BELLEVILLE NEWS-DEMOCRAT
Monday, February 22, 2010
By Mike Fitzgerald
Metro-east leaders are considering whether to file a federal lawsuit to force the Federal Emergency Management Agency to disclose the evidence that has led it to declare that local flood protection levees are worthless.
And FEMA’s failure so far to show its evidence for de-accrediting metro-east flood levees has led some local leaders say that FEMA is trying to replenish coffers drained by enormous insurance claims paid out in the wake of Hurricane Katrina in 2005.
FEMA is executing this plan through its efforts to decertify levees and drastically raise flood insurance premiums all across the nation, according to Alan Dunstan, the Madison County Board chairman.
“FEMA lost a lot of money when Katrina hit,” Dunstan said. “I’ll be honest with you. It’s a money grab.”
Cat Langel, a FEMA spokeswoman, and other FEMA officials have declined to answer questions about this theory, referring questions about levee certification to the corps.
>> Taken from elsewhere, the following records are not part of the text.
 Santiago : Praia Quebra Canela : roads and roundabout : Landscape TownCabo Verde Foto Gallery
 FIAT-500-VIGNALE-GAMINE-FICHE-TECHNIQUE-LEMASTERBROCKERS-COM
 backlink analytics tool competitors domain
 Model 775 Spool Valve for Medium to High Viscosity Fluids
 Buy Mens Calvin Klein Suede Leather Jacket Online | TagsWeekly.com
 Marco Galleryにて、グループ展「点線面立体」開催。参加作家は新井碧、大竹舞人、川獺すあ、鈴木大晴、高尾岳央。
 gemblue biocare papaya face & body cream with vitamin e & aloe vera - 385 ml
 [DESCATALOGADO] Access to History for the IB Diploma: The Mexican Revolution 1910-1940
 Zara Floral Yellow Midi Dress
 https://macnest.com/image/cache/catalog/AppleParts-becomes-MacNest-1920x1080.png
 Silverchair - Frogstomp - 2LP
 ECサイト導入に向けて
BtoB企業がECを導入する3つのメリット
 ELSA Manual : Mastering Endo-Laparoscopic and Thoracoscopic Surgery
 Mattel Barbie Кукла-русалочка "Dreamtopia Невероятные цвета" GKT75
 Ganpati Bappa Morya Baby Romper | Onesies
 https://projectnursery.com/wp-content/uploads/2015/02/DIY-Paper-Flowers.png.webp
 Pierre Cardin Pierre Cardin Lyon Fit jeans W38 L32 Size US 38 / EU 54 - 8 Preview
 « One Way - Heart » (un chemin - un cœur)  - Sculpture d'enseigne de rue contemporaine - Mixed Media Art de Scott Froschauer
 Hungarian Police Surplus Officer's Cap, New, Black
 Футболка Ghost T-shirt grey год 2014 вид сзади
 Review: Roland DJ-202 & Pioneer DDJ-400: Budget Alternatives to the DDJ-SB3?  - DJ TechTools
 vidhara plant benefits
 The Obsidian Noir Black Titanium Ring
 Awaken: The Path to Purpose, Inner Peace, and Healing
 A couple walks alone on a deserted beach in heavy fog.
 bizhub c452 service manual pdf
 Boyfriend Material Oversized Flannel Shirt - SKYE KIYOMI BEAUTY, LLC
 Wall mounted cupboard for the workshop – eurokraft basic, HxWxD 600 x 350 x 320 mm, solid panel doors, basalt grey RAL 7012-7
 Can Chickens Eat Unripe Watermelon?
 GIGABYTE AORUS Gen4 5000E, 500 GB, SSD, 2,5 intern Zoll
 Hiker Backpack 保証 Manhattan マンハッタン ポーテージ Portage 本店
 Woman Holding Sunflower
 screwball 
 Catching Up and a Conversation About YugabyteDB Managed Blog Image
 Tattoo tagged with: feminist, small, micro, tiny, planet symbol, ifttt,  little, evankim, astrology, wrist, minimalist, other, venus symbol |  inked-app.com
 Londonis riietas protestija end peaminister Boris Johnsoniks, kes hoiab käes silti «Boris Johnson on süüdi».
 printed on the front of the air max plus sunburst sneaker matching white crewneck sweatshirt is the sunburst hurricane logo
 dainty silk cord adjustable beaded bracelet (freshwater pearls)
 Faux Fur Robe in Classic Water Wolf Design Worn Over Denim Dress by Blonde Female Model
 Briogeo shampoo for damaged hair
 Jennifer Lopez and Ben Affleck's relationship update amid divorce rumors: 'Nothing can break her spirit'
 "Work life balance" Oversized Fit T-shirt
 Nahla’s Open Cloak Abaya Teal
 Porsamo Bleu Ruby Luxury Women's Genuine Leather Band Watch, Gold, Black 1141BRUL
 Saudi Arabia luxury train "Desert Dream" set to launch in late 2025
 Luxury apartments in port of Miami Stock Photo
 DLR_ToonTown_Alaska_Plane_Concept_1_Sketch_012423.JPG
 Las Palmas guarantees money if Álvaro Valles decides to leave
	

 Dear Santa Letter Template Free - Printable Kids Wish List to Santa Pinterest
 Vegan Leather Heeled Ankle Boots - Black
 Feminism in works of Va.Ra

The corps has already revealed it has provided little information regarding metro-east levees to FEMA.
The Southwestern Illinois Flood Prevention District Council, in Collinsville, met behind closed doors last week to discuss its legal options, including a possible lawsuit, to force FEMA to show its proof for determining the levees are functionally useless — a finding many local leaders dispute because these levees have withstood every Mississippi River flood for the past 30 years.
Nonetheless, FEMA has used this finding to justify plans to raise flood insurance rates by several multiples early next year for 150,000 American Bottoms property owners in Madison, St. Clair and Monroe counties.
Metro-east leaders, however, have decried these plans, arguing the higher flood insurance premiums will wreak economic havoc for businesses in the American Bottoms and force homeowners, especially those in low-income neighborhoods, to flee.
The council met just a few weeks after FEMA officials in Washington, D.C., rejected requests by Madison and St. Clair county leaders to provide “expedited” processing of Freedom of Information Act requests filed by the flood district council in early November for agency data on local levees.
Les Sterman, the council’s chief engineer, expressed frustration at FEMA’s rapid denial of the requests to speed up its response to the November FOIA petitions, as well as the agency’s four-month delay in responding to the original information request.
“I think it’s frankly reprehensible on their part that a decision that is so costly, historic to this region — they cannot even explain why they did it,” said Sterman, who is also leading the region’s efforts to upgrade metro-east levees to meet Army Corps of Engineers standards.
Meeting those new, more exacting standards could cost more than $500 million, with local taxpayers being expected to pay most of that cost.
Langel acknowledged that her agency received on Nov. 4 the flood district FOIA request for information regarding the levees in Madison, Monroe, and St. Clair counties.
Langel declined to answer questions on why it is taking so long for the agency to comply with the council’s.
But Langel noted in an e-mail to the News-Democrat that the length of time to comply to a FOIA request depends “entirely on the request itself,” as well as the number of agency components required to contribute to the response.
“Any and all information related to the FOIA request will be released to the requester as soon as all the information is complete,” Langel wrote.
Robert Haida, the St. Clair County state’s attorney, who handled the county request for a speeded-up FOIA response, said he is questioning the “validity” of FEMA’s position regarding the levees based on its failure to respond to the request.
“Any time in my professional life when I deal with someone who takes a position, but they won’t tell me why, I question the validity of their position,” Haida said.
FEMA isn’t giving the cold shoulder simply to metro-east leaders. It is still ignoring a demand by U.S. Sen. Dick Durbin, D-Springfield, early last month to release data on metro-east levees, as well as to brief local leaders and residents.
Charles N. Davis, the executive director of the National Freedom of Information Coalition, in Columbia, Mo., said he was not surprised at FEMA’s refusal to respond to information requests for levee data.
Davis recalled how, in the wake of Hurricane Katrina, FEMA had failed to respond to repeated media FOIA requests about the toxicity of flood waters around New Orleans and chemicals contained in trailers provided to evacuees.
“It took Congressional intervention to get anything out of FEMA at least twice,” said Davis, an associate professor at the University of Missouri School of Journalism.
In addition, FEMA’s track record of refusing to comply with FOIA requests is a “perfect reflection” of the two of the biggest problems with the law governing the FOIA, Davis said.
“That is the lack of any responsiveness mechanism between requester and the agency, and the lack of any sort of penalty,” said Davis.
As a result, he said, the FEMA bureaucracy “will sort of yawn and blink while the entire region is begging for some information about something that’s this important to that region’s economy.”